Ten years ago, the medical
center was terra incognita
for the broadcast media
-- and vice versa.
BY M.A. MALONE, BROADCAST MEDIA MANAGER,
STANFORD UNIVERSITY MEDICAL CENTER
MEDICAL BROADCASTS ARE NOTHING NEW.
Two years ago, archeologists working in the Provencal region of
southern France, discovered a troglodyte cave that led to a rotunda-like
chamber deep within the earth. The scientists were stunned when
they realized that the wondrous remnants of early wall-art were
not intended to be viewed individually, but in rapid succession.
For the full experience, the viewer would race at top speed around
the perimeter of the rotunda. This would visually link the consecutive
drawings to create the effect of motion (à la Muybridge).
As the tableau came alive, one could make out a prehistoric figure
demonstrating what appears to be a treatment for carpal tunnel syndrome
-- an ailment presumed to be common to the hunter-gatherer.
OK, I CONFESS, THE ABOVE TALE IS FICTIONAL.
I point this out at the insistence of my editor, who tells me she's
concerned many Stanford Medicine readers might take it seriously.
So, I repeat, the story is not true -- but I leave it in to make
a point of how far we've come from those TV-free days.
Now, at the end of the 20th century,
medical and science broadcasts are ubiquitous. They fit as comfortably
into the daily newscasts as feet into favorite sneakers, and as
the public's appetite for health-related topics continues to increase,
the media responds by serving bigger, more plentiful portions.
Ten years ago, when this trend was
just beginning to gather steam, I was hired by the News Bureau to
work exclusively with the broadcast media. This allowed the overloaded
writing staff to focus on the more established, respectable methods
of disseminating Stanford University Medical Center news -- articles,
magazines, newsletters and press releases.

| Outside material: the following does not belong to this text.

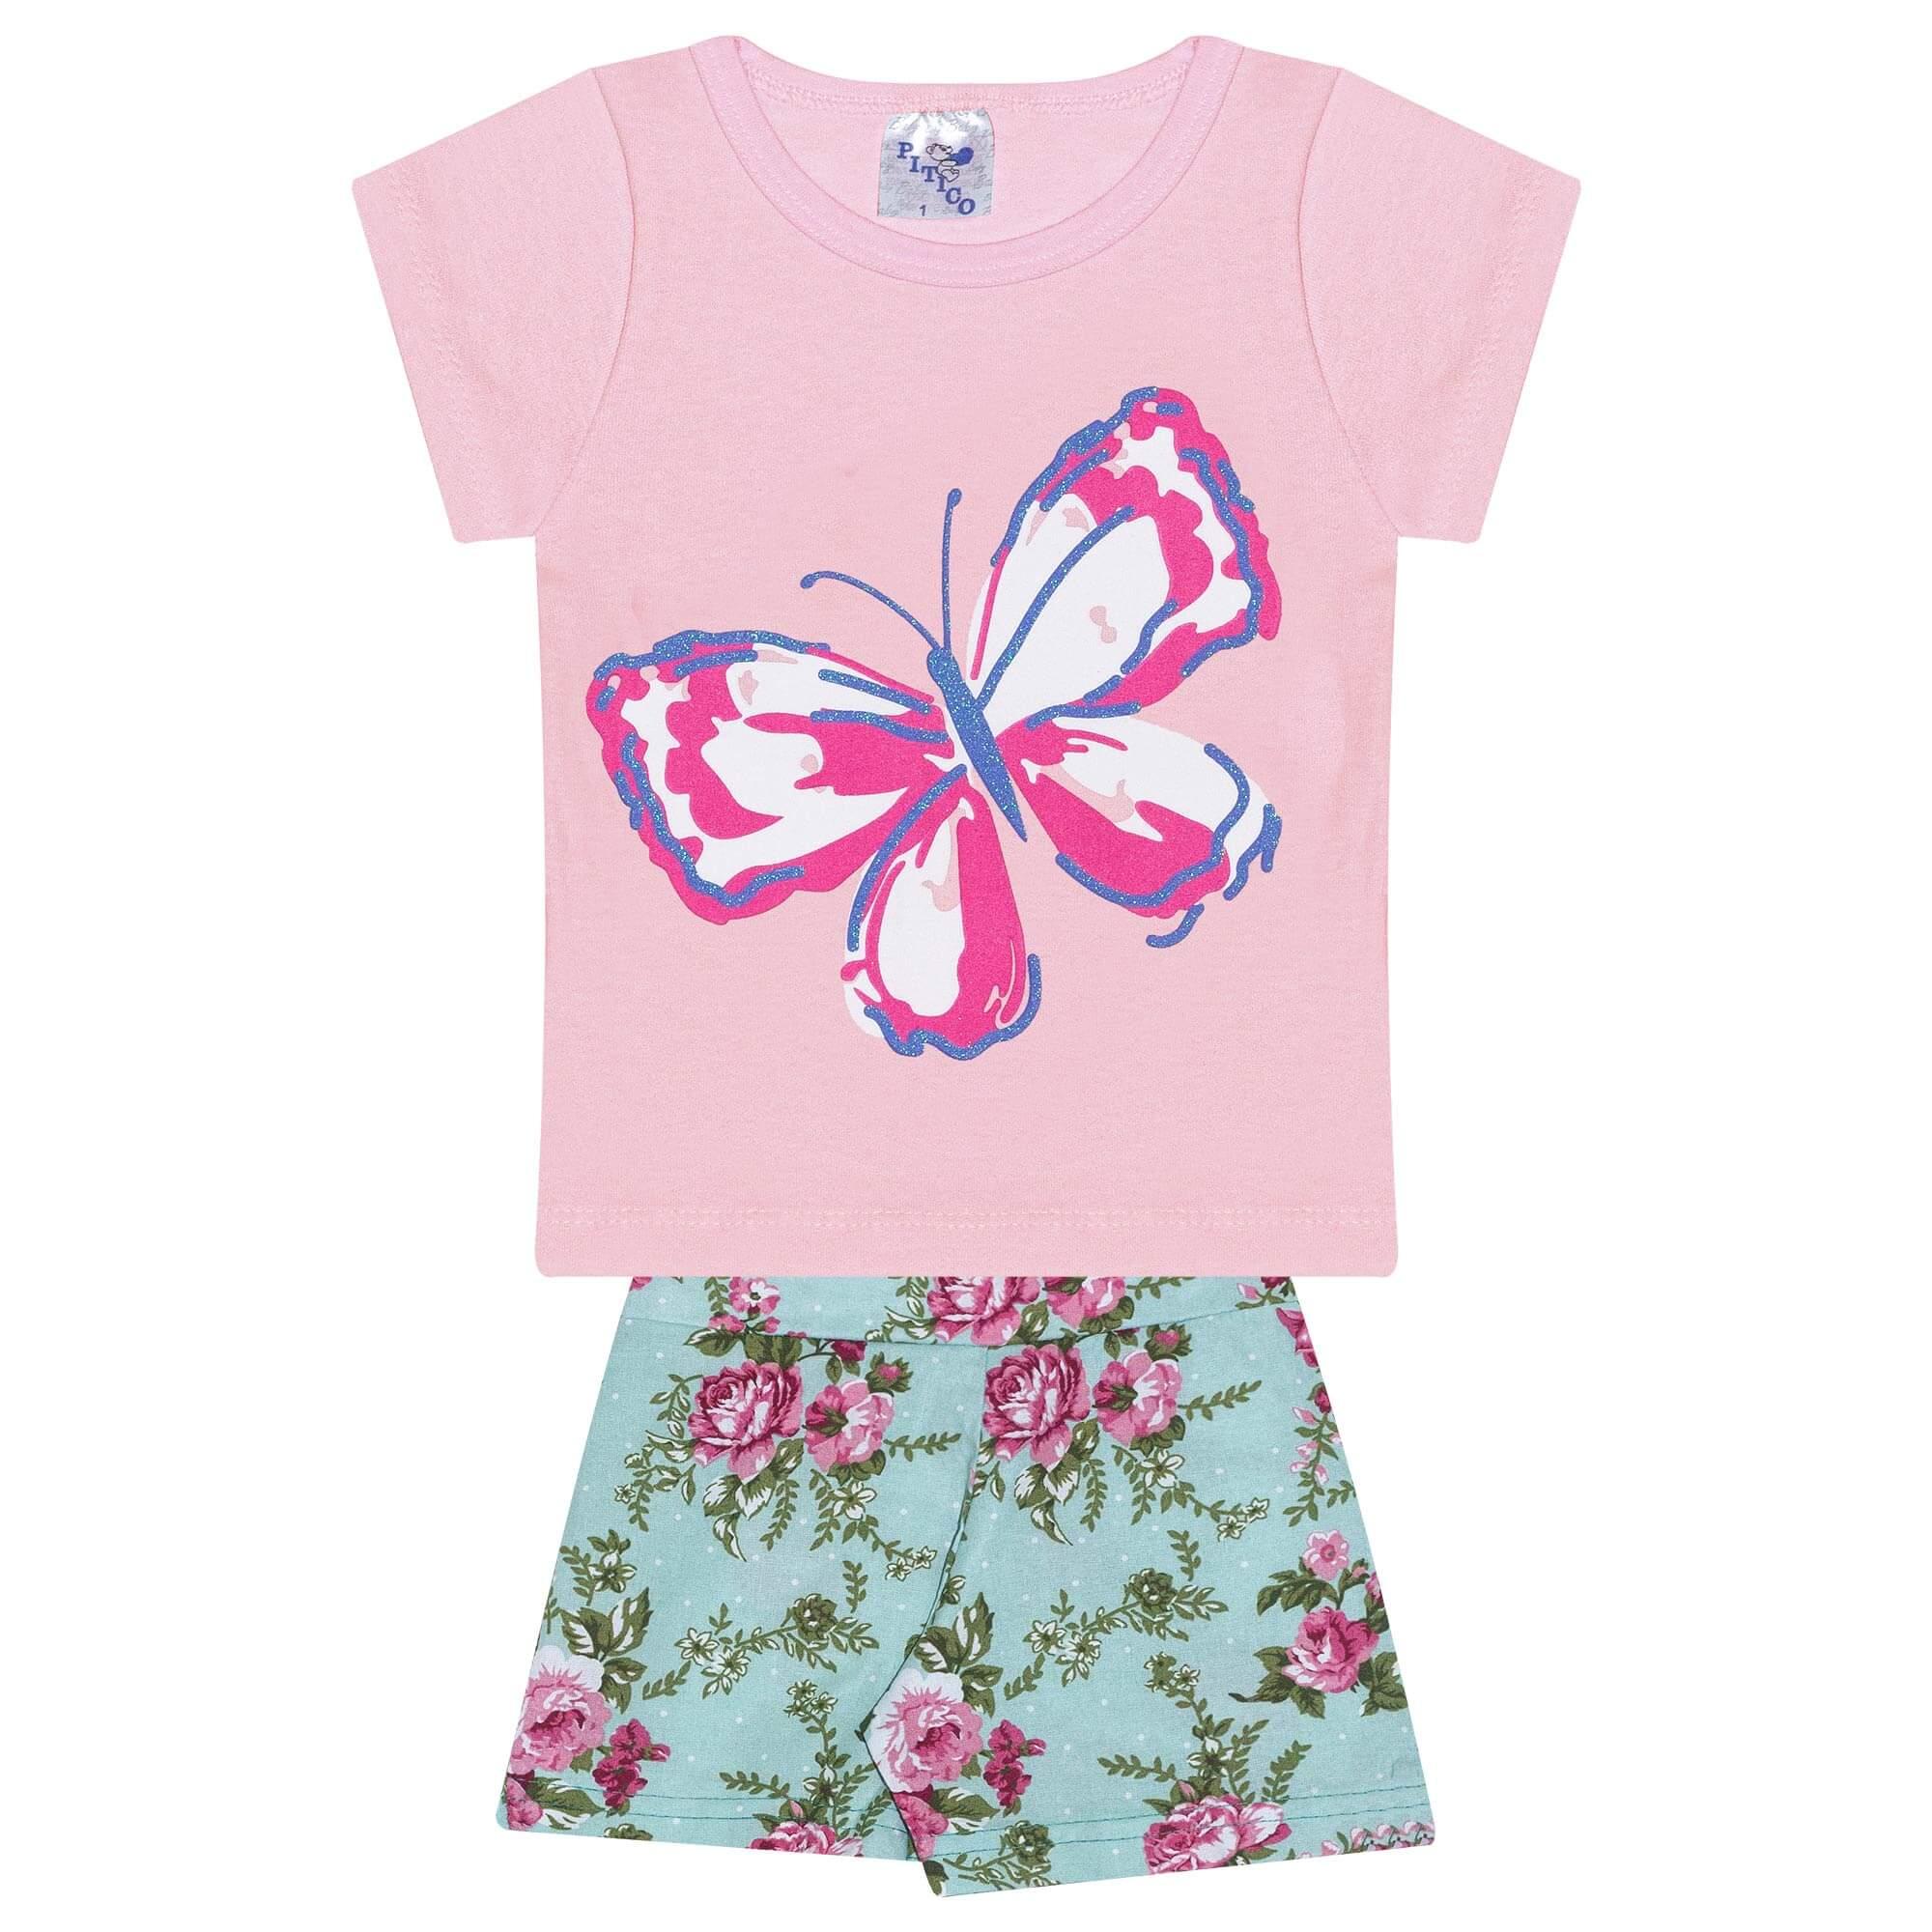 Conjunto Infantil Feminino - Ref 1016 - Rosa/Verde - Pitico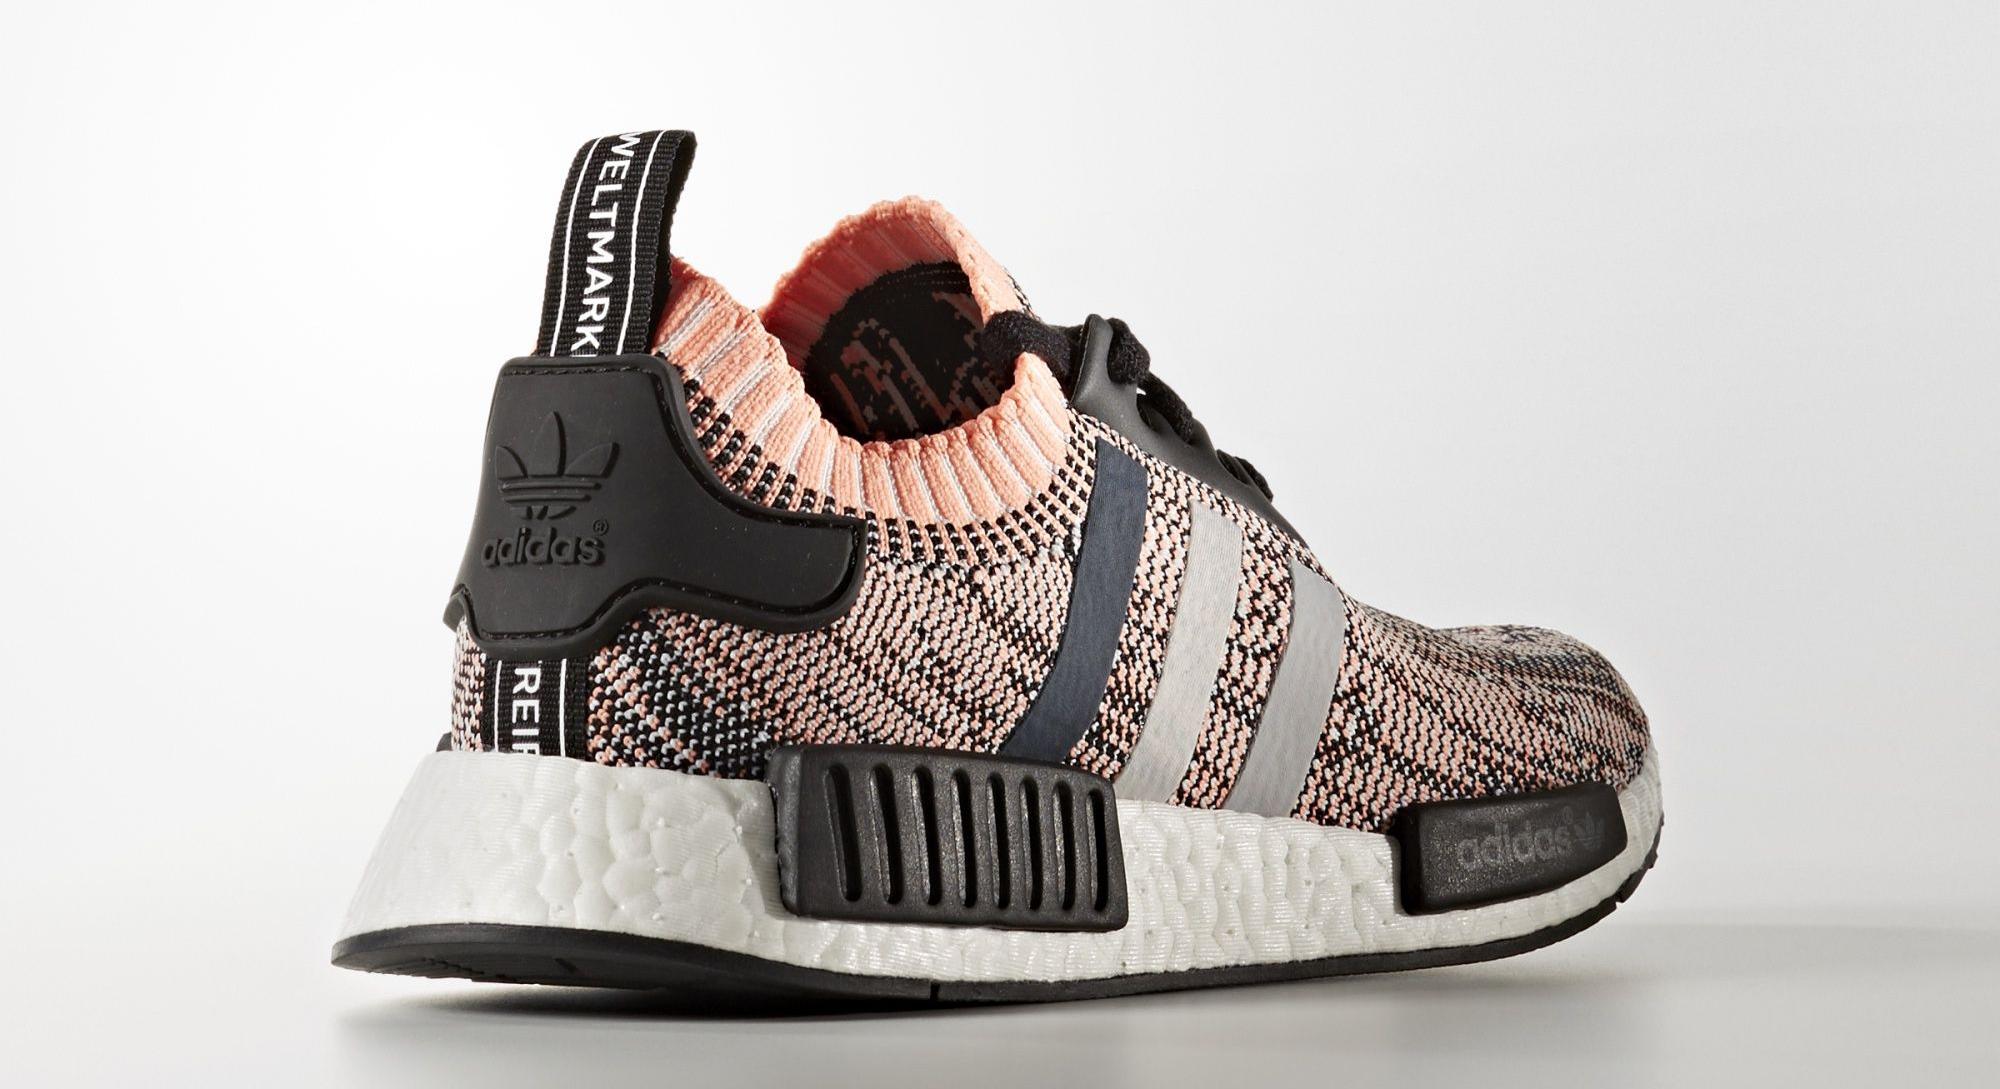 Adidas Glitch Camo NMD BB2361 Pink Heel

I fielded requests and queries from
the local stations, and I pitched ideas to the national and international
media who clamored to shoot "anything cutting edge at Stanford."
That wasn't difficult.
The tricky part was setting up the
"shoot." It sounded simple on paper, but the reality was that the
denizens of the Medical Center considered the broadcast media to
be a suspicious mass. Finding the right doctor -- appropriate, agreeable
and available -- and a telegenic location for an interview were
next to impossible. At that time, perhaps less than 10 percent of
the medical center staff understood the value and positive potential
of the broadcast media. Administrators who had the authority to
sanction cameras on their turf had hair-trigger nix-reflexes. There
were occasions when my requests to accompany a TV crew into certain
areas of the Med Center would induce such emphatic consternation,
that I'd wonder if I'd mistakenly asked for clearance to drive goats
through the OR.
Slowly, the atmosphere has relaxed.
Over the course of the last 10 years, legions from the Med Center
have merged with the media to produce an impressive body of well-received
news pieces, and our relationship with the broadcast media has settled
into a symbiosis. Many of those who viewed the media with suspicion
take a more benign stance nowa days.
Some even communicate routinely with network-level producers and
correspondents. The evidence speaks for itself: Four roving videographers
were allowed a month of 24-hour, non-stop access to document a dicey
slice of life and death in one of medicine's most litigious arenas.